▶ [Source material]
++++
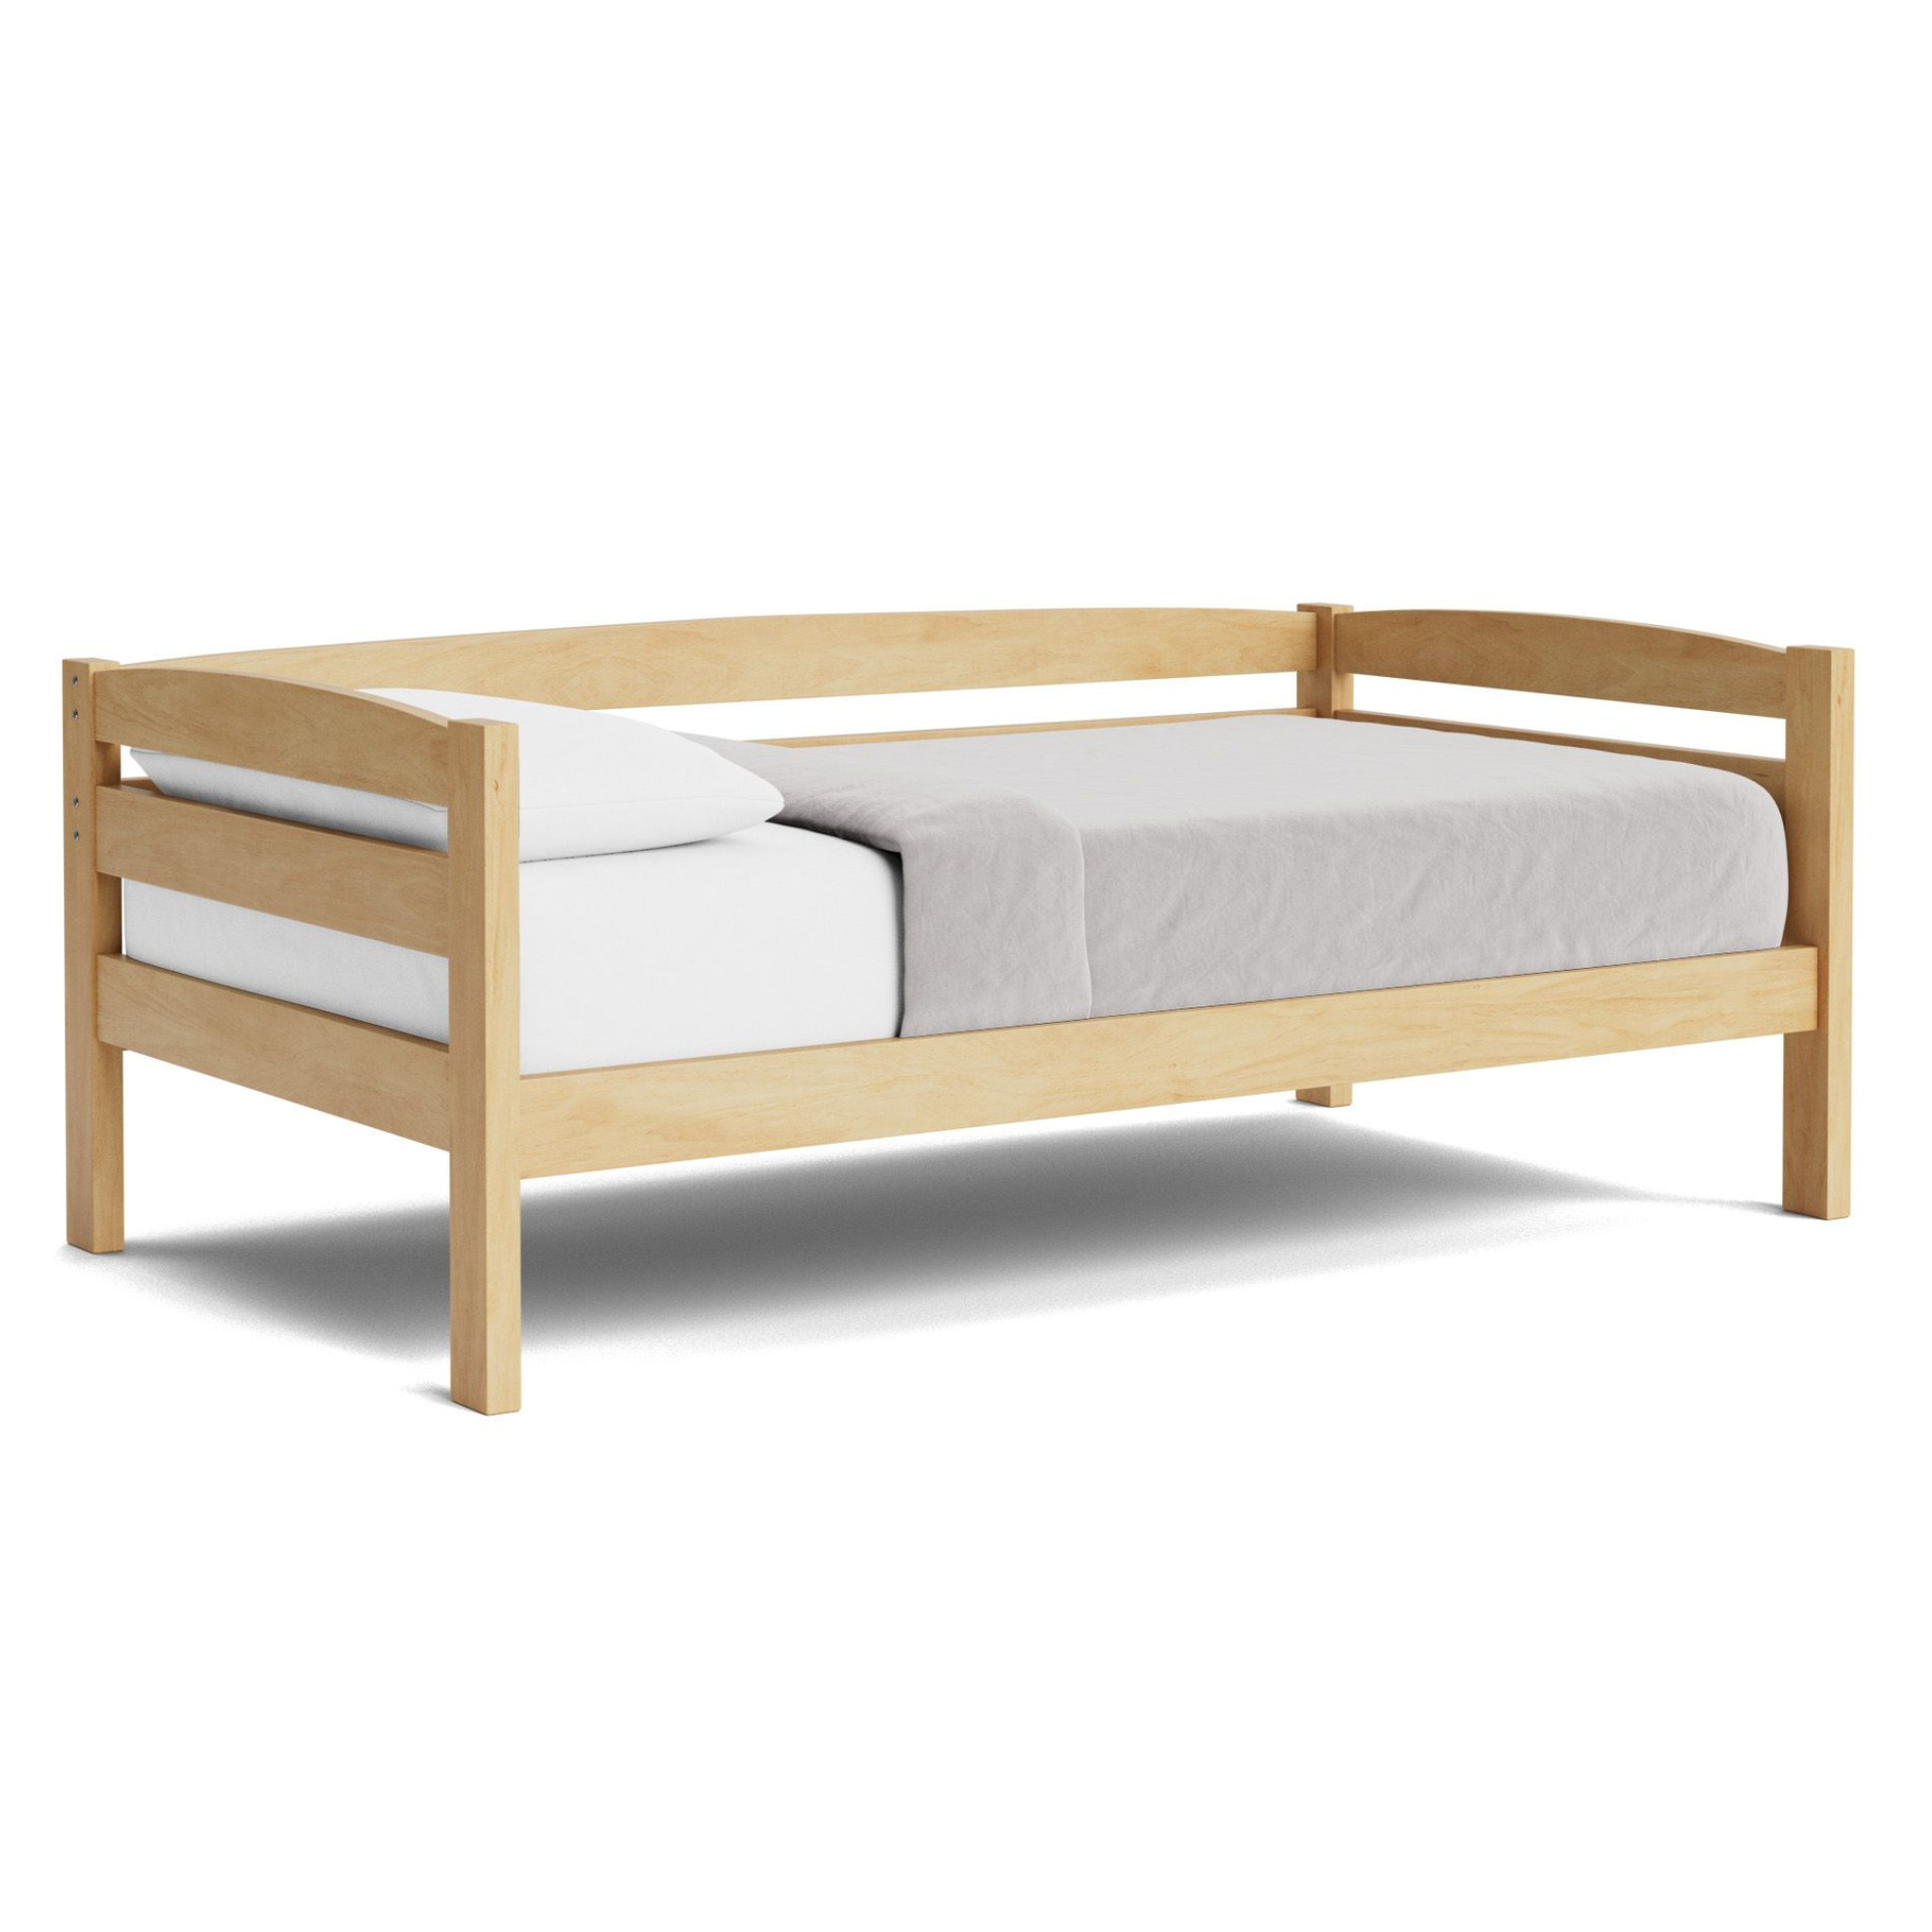 COASTER DAY BED | SINGLE OR KING SINGLE | NZ MADE
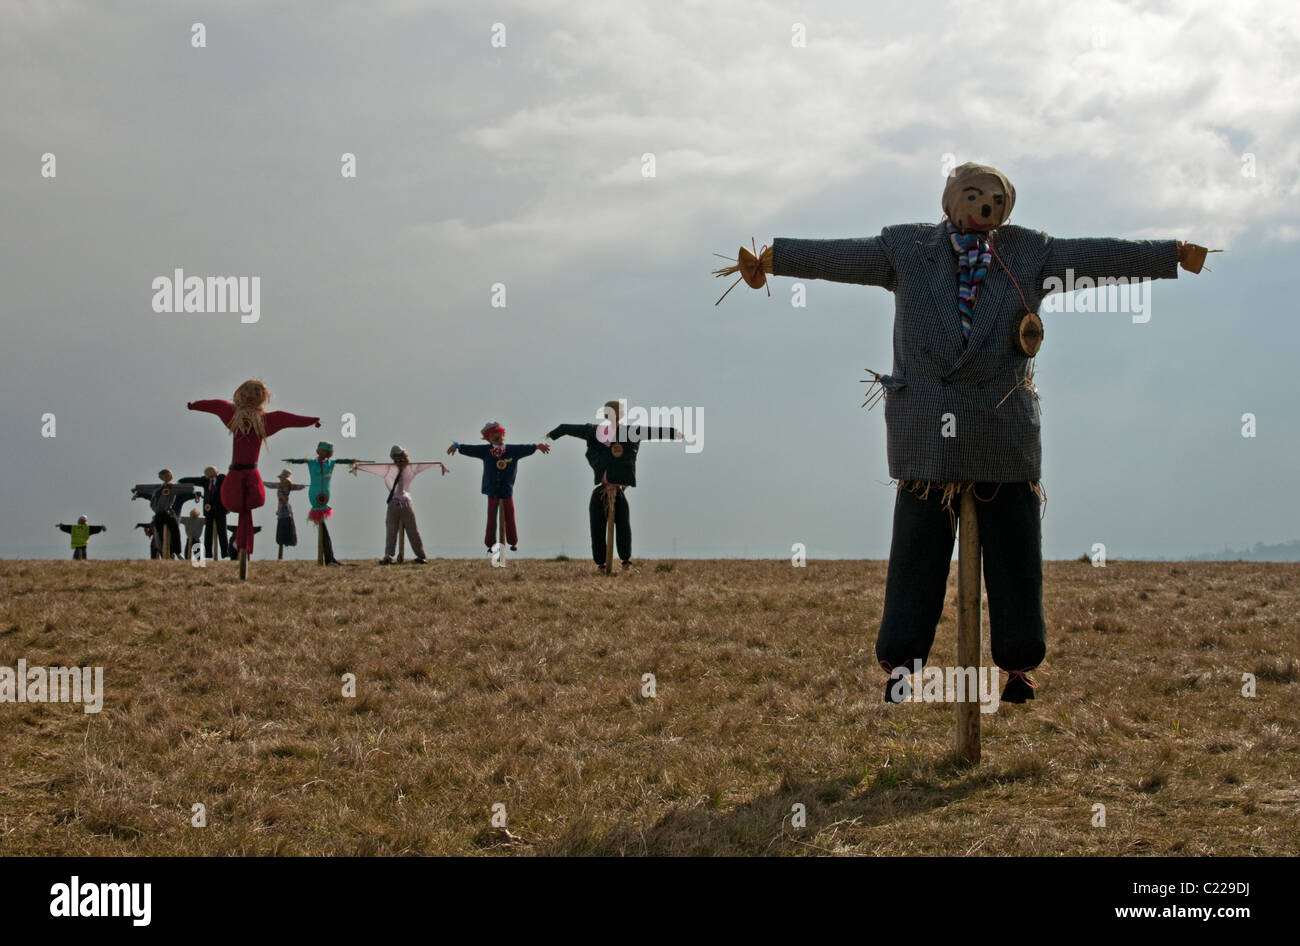 Field of multiple scarecrows. Stock Photo
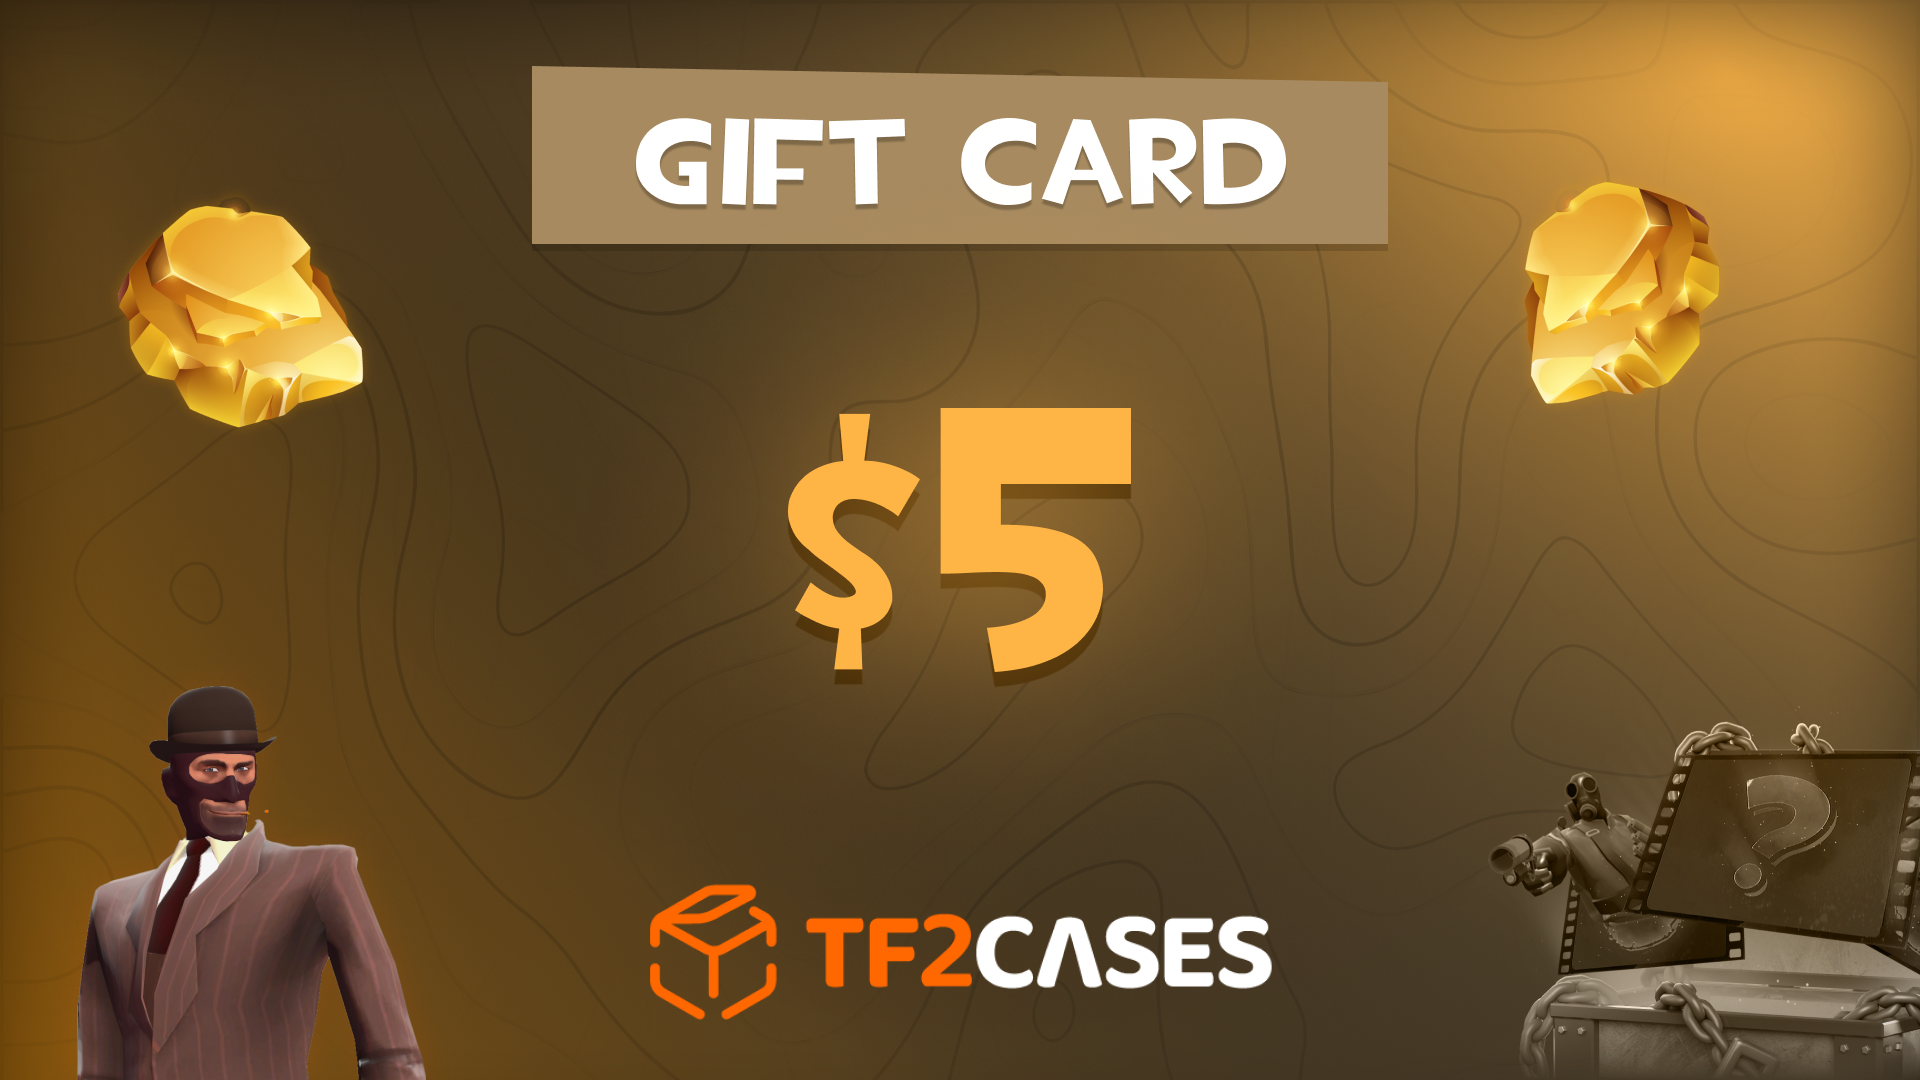 TF2CASES.com $5 Gift Card, $5.65
++++
▶ [What the task asks] Print the listing verbatim, images excluded.

▶ [Output below]
 COASTER DAY BED | SINGLE OR KING SINGLE | NZ MADE
 Field of multiple scarecrows. Stock Photo
 TF2CASES.com $5 Gift Card, $5.65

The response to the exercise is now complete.